Re: [PATCH 3/9] drm/ttm: use per BO cleanup workers

AMD-GFX Archive on lore.kernel.org
 help / color / mirror / Atom feed

From: "Christian König" <christian.koenig@amd.com>
To: Felix Kuehling <felix.kuehling@amd.com>,
	Intel Graphics Development <intel-gfx@lists.freedesktop.org>,
	dri-devel@lists.freedesktop.org, amd-gfx@lists.freedesktop.org
Subject: Re: [PATCH 3/9] drm/ttm: use per BO cleanup workers
Date: Mon, 5 Dec 2022 14:39:41 +0100	[thread overview]
Message-ID: <a7c5f157-ff42-4e87-cc79-33ba6a15a138@amd.com> (raw)
In-Reply-To: <8ff841e3-8eef-9ec2-2ba5-4907f18873c0@amd.com>

Am 29.11.22 um 22:14 schrieb Felix Kuehling:
> On 2022-11-25 05:21, Christian König wrote:
>> Instead of a single worker going over the list of delete BOs in regular
>> intervals use a per BO worker which blocks for the resv object and
>> locking of the BO.
>>
>> This not only simplifies the handling massively, but also results in
>> much better response time when cleaning up buffers.
>>
>> Signed-off-by: Christian König <christian.koenig@amd.com>
>
> Just thinking out loud: If I understand it correctly, this can cause a 
> lot of sleeping worker threads when 
> AMDGPU_GEM_CREATE_VRAM_WIPE_ON_RELEASE is used and many BOs are freed 
> at the same time.
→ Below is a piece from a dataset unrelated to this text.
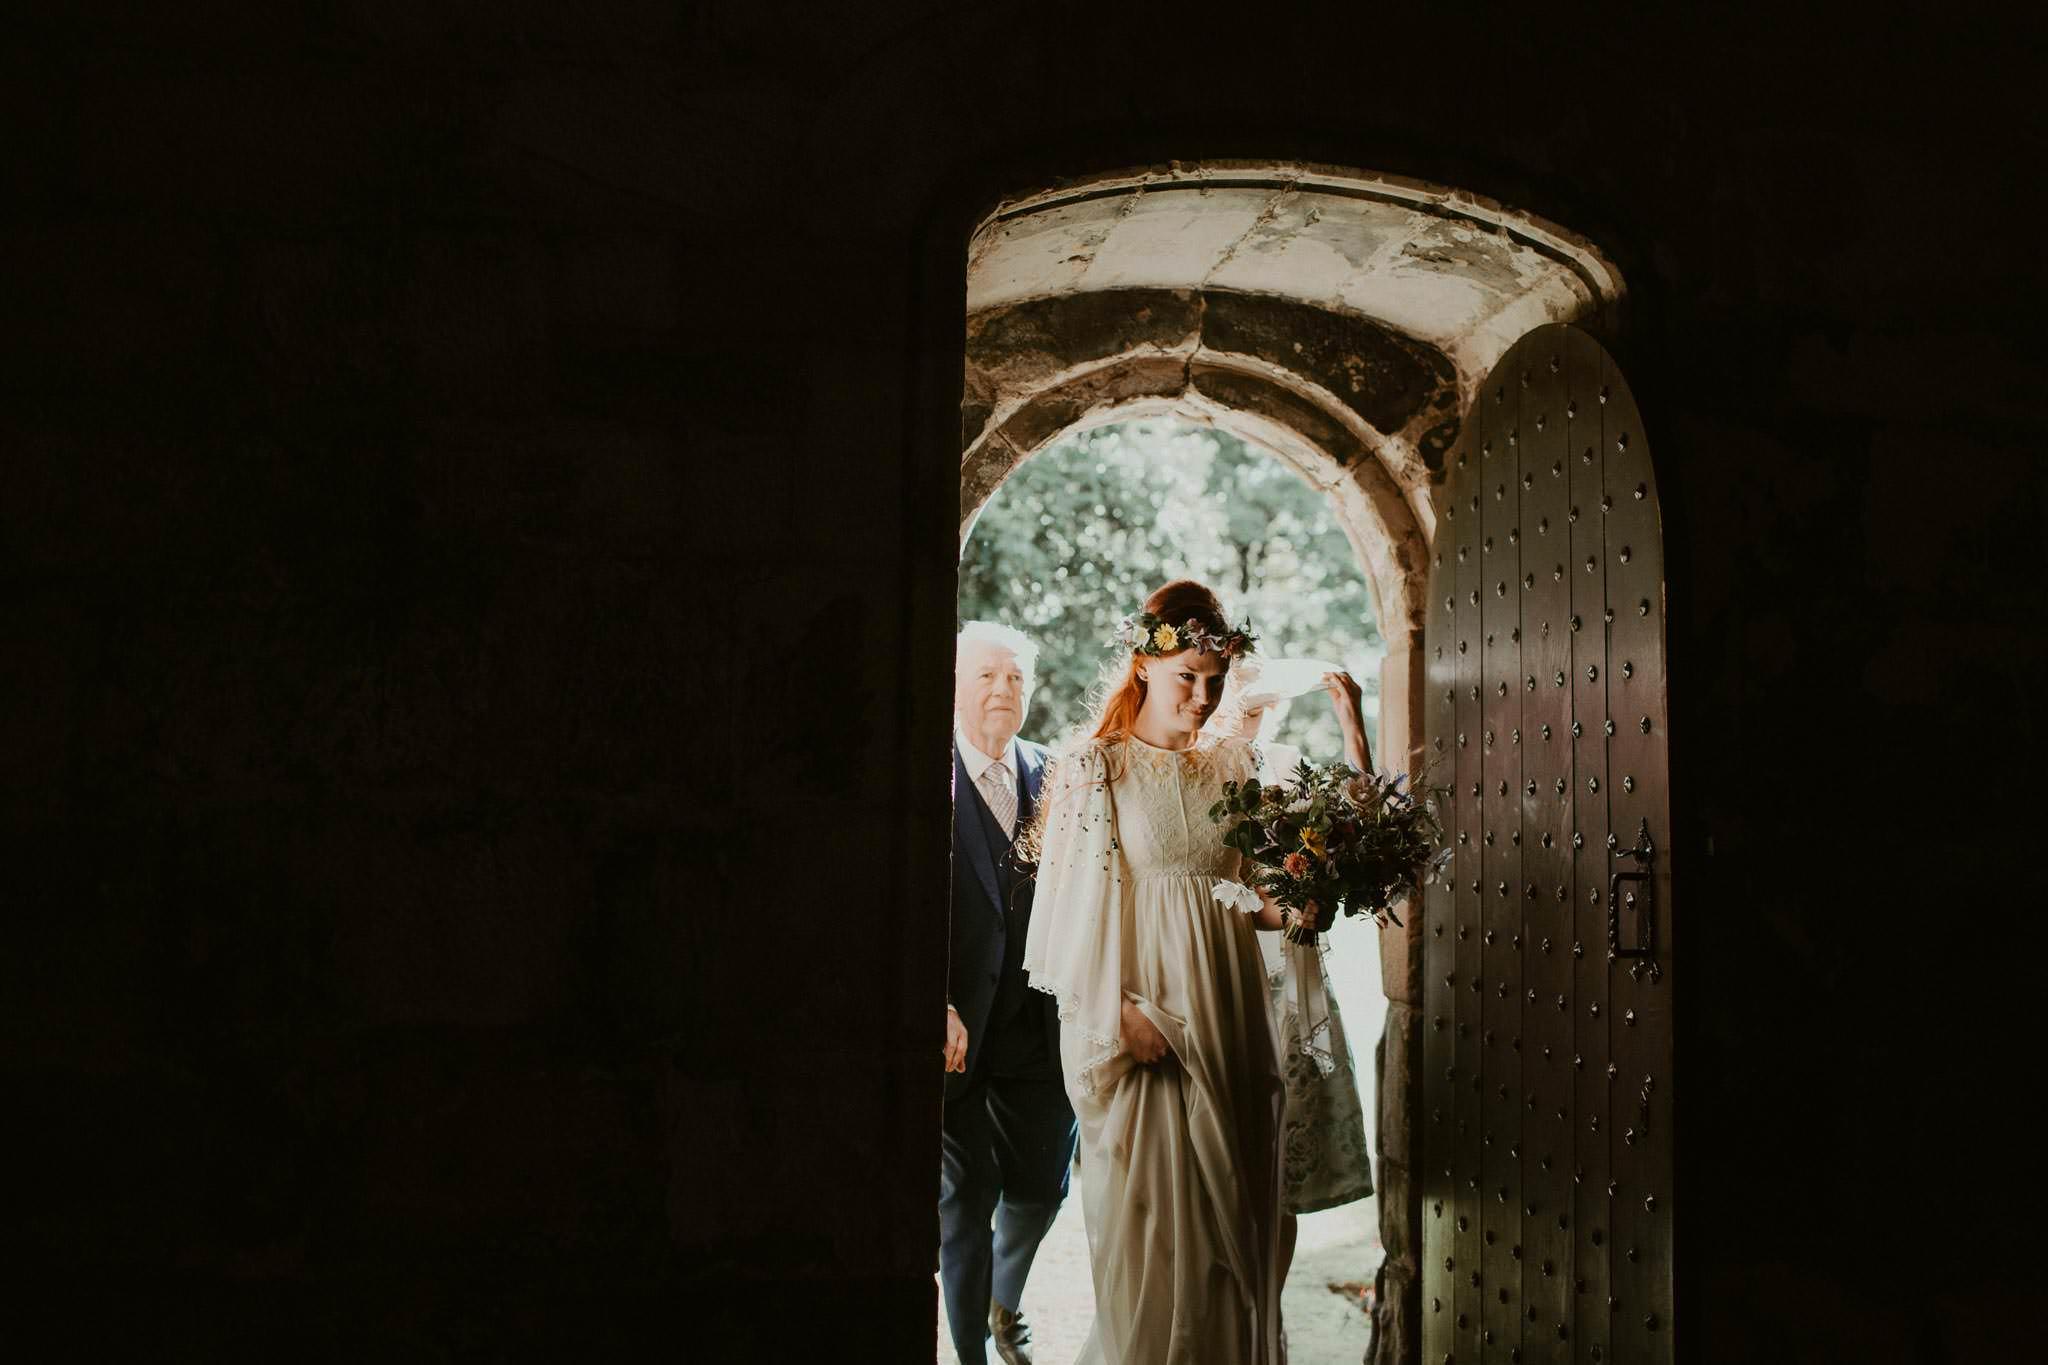 scottish-wedding-photography-047

This happens e.g. when a KFD process terminates or 
> crashes. I guess with a concurrency-managed workqueue this isn't going 
> to be excessive. And since it's on a per device workqueue, it doesn't 
> stall work items on the system work queue or from other devices.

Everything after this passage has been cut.